Data below:

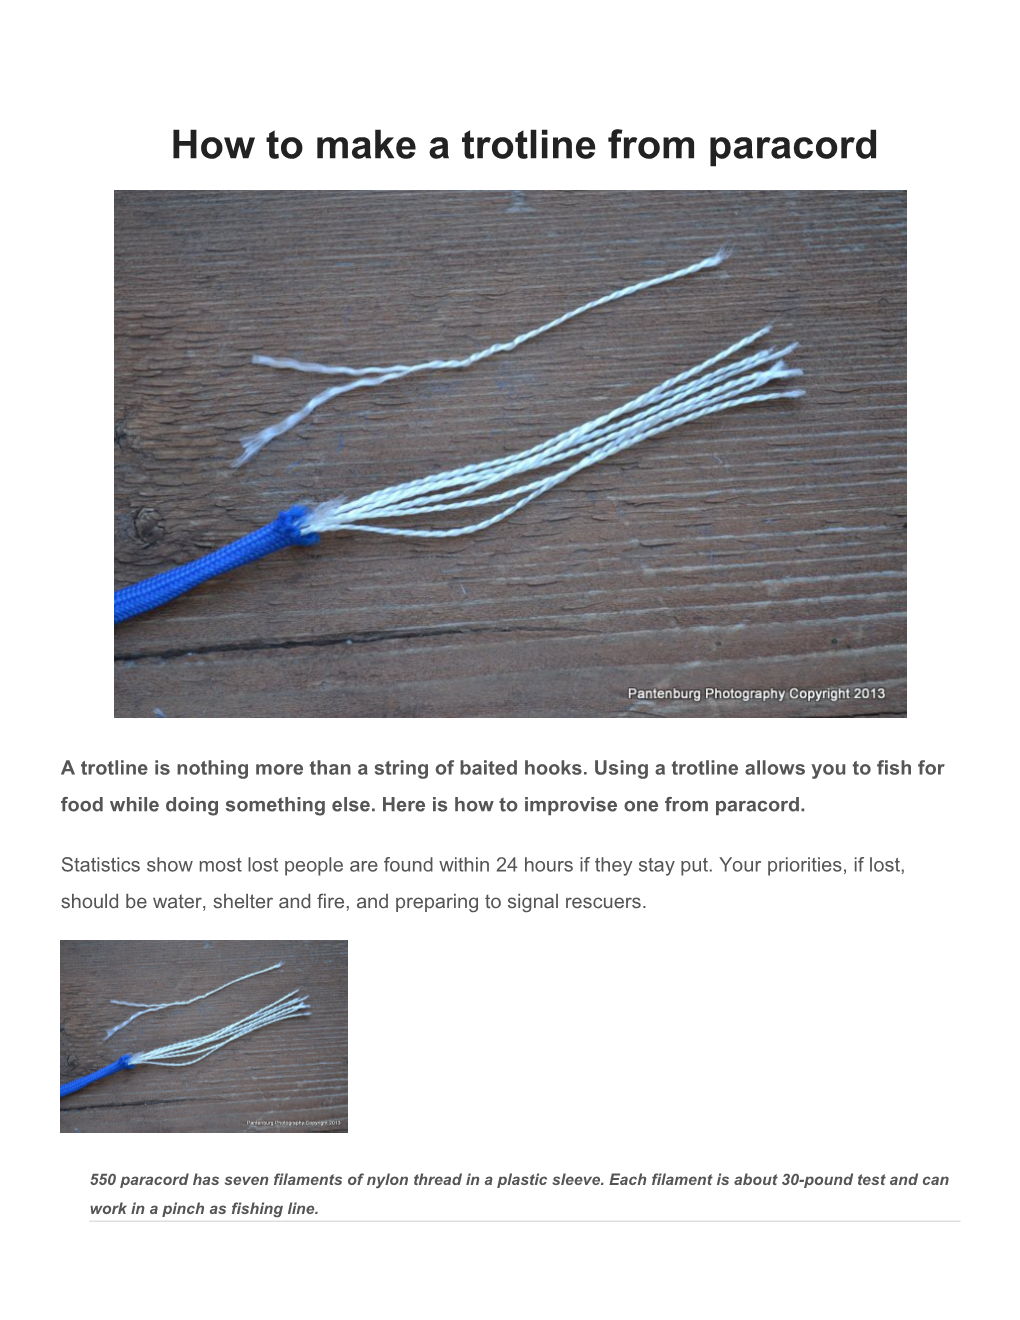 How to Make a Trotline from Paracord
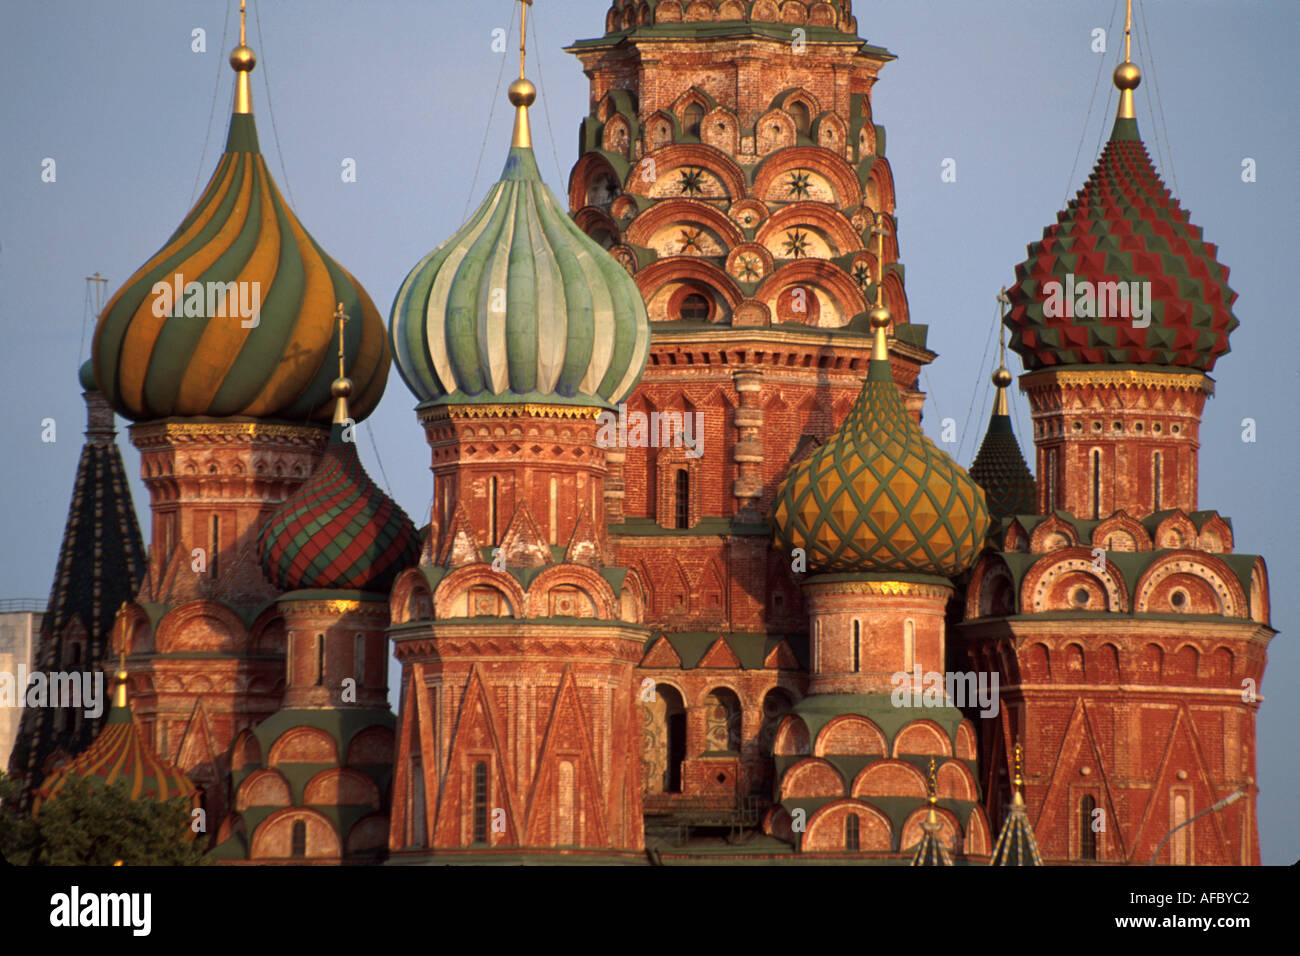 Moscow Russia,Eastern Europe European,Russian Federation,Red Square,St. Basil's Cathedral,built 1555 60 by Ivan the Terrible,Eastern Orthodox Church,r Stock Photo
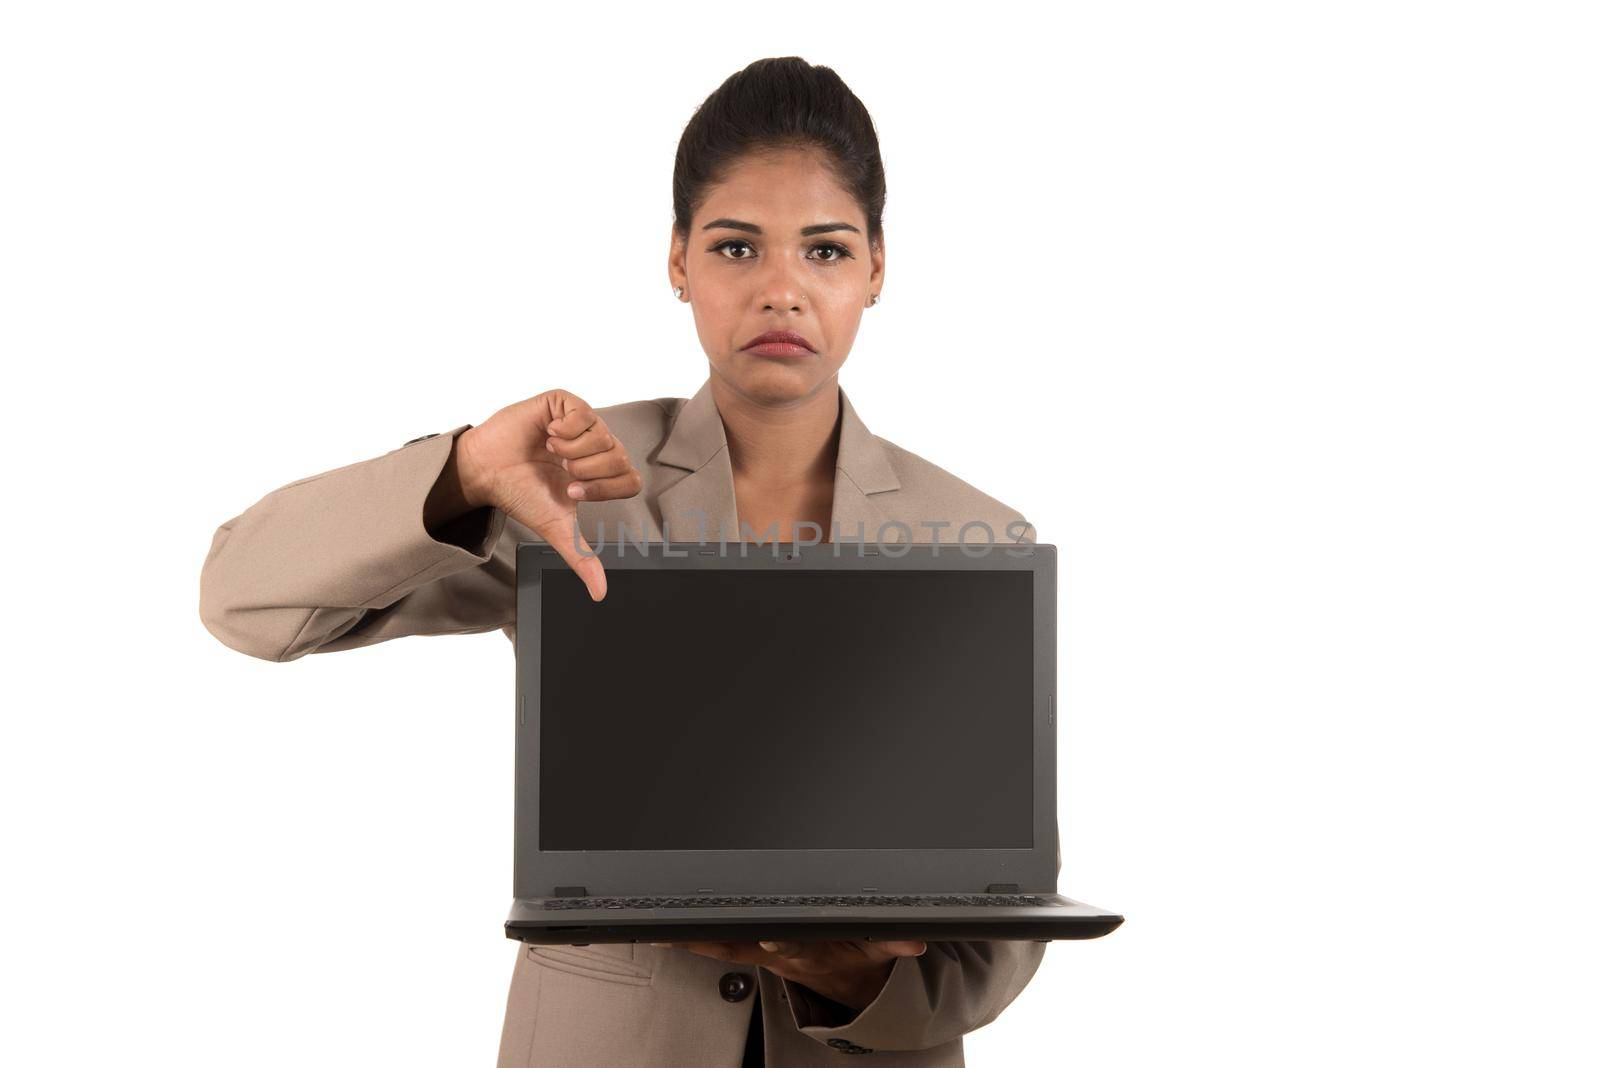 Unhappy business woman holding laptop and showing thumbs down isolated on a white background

End of Data.
Data below:

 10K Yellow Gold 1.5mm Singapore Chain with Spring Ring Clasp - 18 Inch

End of Data.
Data below:

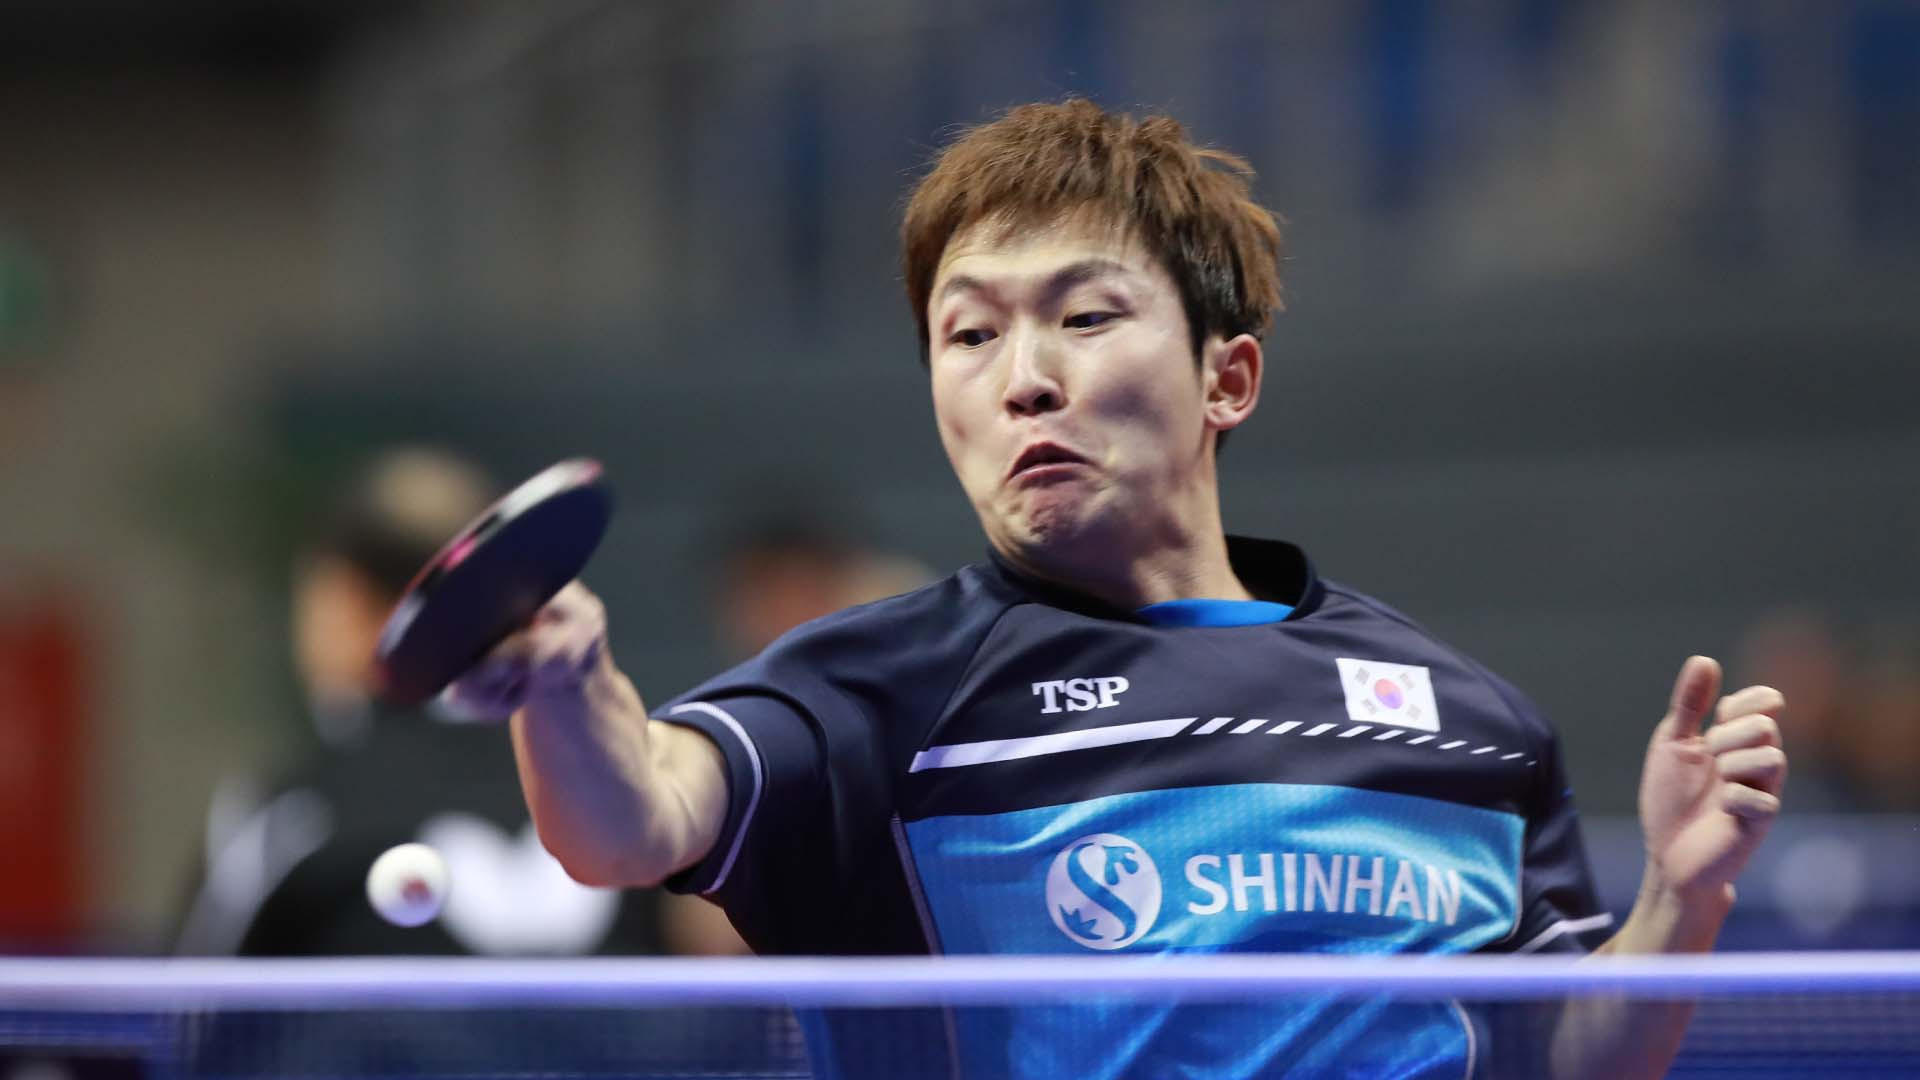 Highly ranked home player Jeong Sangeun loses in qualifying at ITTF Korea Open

End of Data.

Problem: From the records above, give again only the part that opens with the line containing "Moscow Russia,Eastern Europe" and closes with the line containing "Unhappy business woman". Keep both ends but drop the pictures.

Response box:
 Moscow Russia,Eastern Europe European,Russian Federation,Red Square,St. Basil's Cathedral,built 1555 60 by Ivan the Terrible,Eastern Orthodox Church,r Stock Photo
 Unhappy business woman holding laptop and showing thumbs down isolated on a white background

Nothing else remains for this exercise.